Depuis 1987, cet industriel (il a fondé la Cegid, société spécialisée dans le logiciel professionnel de comptabilité et de gestion) a porté l’OL de la deuxième division française aux sommets européens. Son bilan est remarquable: sept titres consécutifs de champion de France, une demi-finale de Ligue des champions (en 2010), 19 qualifications consécutives en coupes d’Europe. L’OL est également le deuxième meilleur club formateur sur le plan européen et un pionnier du professionnalisme dans le football féminin.
Jean-Michel Aulas, qui a vu disparaître l’ère du football soutenu par les collectivités locales, se lance aujourd’hui dans une nouvelle révolution. Le 10 janvier 2016, Lyon inaugurera contre Troyes son nouveau stade de 58 000 places. Construit sur le site de Décines-Charpieu, au carrefour de la métropole lyonnaise, de l’aéroport de Lyon-Saint-Exupéry et des bretelles d’autoroutes pour Paris, Marseille et Genève, ce grand stade encore sans nom (le club espère trouver un parraineur) sera le premier 100% privé de France.
Il sera aussi «le plus connecté en Europe, voire au monde», selon Jean-Michel Aulas. Entièrement dédié aux relations d’affaires, le stade et son parc de 45 hectares offriront 365 jours par an aux fans comme aux VIP un espace totalement connecté, sécurisé, où toutes les transactions se feront sans cash, sans ticket papier et parfois sans quitter son siège.
Très en forme, visiblement rodé à l’exercice, Jean-Michel Aulas a séduit son auditoire. C’était bien son but et celui de la petite dizaine de personnes de l’OL qui l’accompagnait. Le club rhodanien cherche à attirer une clientèle genevoise amatrice de grands matchs ou demandeuse d’un cadre privilégié pour lier des relations d’affaires. A la sortie de la conférence, un petit prospectus avec des offres spéciales pour la Suisse était distribué. En déjeunant sur le pouce, le président Aulas a ensuite pris le temps de répondre aux questions de quelques journalistes suisses, dont Le Temps.
Le Temps: Pourquoi venir à Genève présenter votre stade?Jean-Michel Aulas: Parce que nous avons la volonté de rencontrer des gens organisés, performants, mais qui n’ont pas d’offre intéressante en matière de football de haut niveau. Nous sommes très lucides sur le potentiel économique de notre région: Lyon ne suffira pas. Nous nous faisons donc connaître à Paris, Londres, Bruxelles, Genève.
– Engager un joueur suisse peut-il entrer dans cette stratégie?– Nous en avons un, Kilian Pagliuca, qui a 19 ans et joue en équipe réserve.
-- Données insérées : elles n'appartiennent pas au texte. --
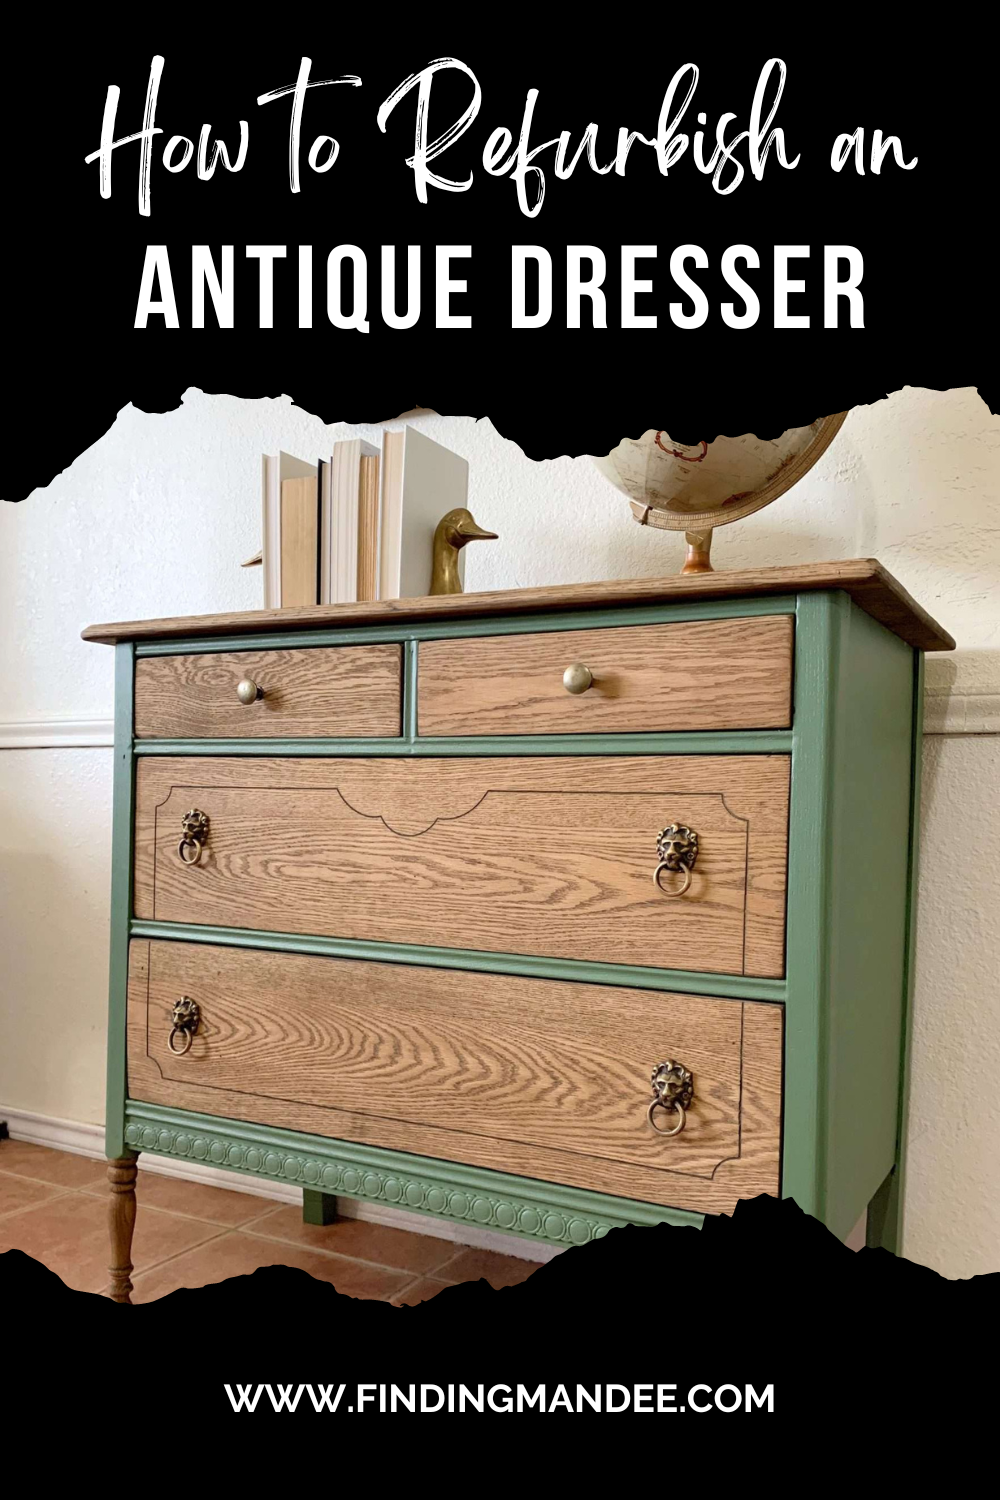 How to Refurbish an Antique Dresser | Finding Mandee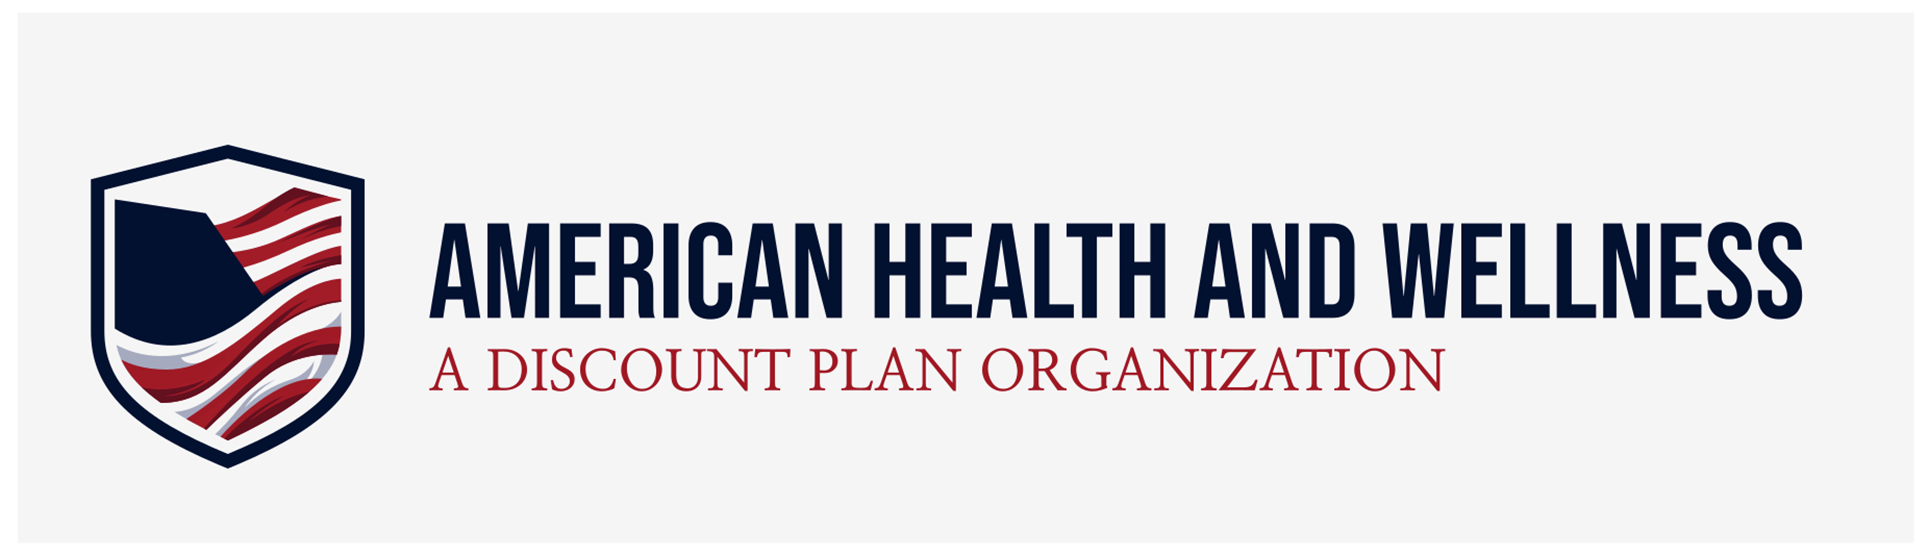 American Health and Wellness Plan

Nous avons aussi un accord de partenariat avec Lausanne.
– Prenez-vous un risque en construisant ce stade, dans lequel vous avez personnellement investi 110 millions d’euros?– Le risque aurait été de ne pas le construire. L’économie du football est devenue une économie régulée, pas si dangereuse que cela. Ces dernières années, nous avons passé d’une ère structurellement déficitaire à une ère d’équilibre. Ce qu’il faut, c’est bien tenir sur le moyen et le long terme. Aujourd’hui, un stade offre le plus gros levier de développement d’un club depuis l’instauration du fair-play financier par l’UEFA. Quand je l’ai expliqué aux banquiers genevois à qui je suis venu expliquer notre augmentation de capital en juillet dernier, j’ai senti une petite réserve. Mais c’est la réalité! Dans un contexte de crise globale, le football est un secteur de niche qui peut croître de 30% par an grâce aux droits télévisuels.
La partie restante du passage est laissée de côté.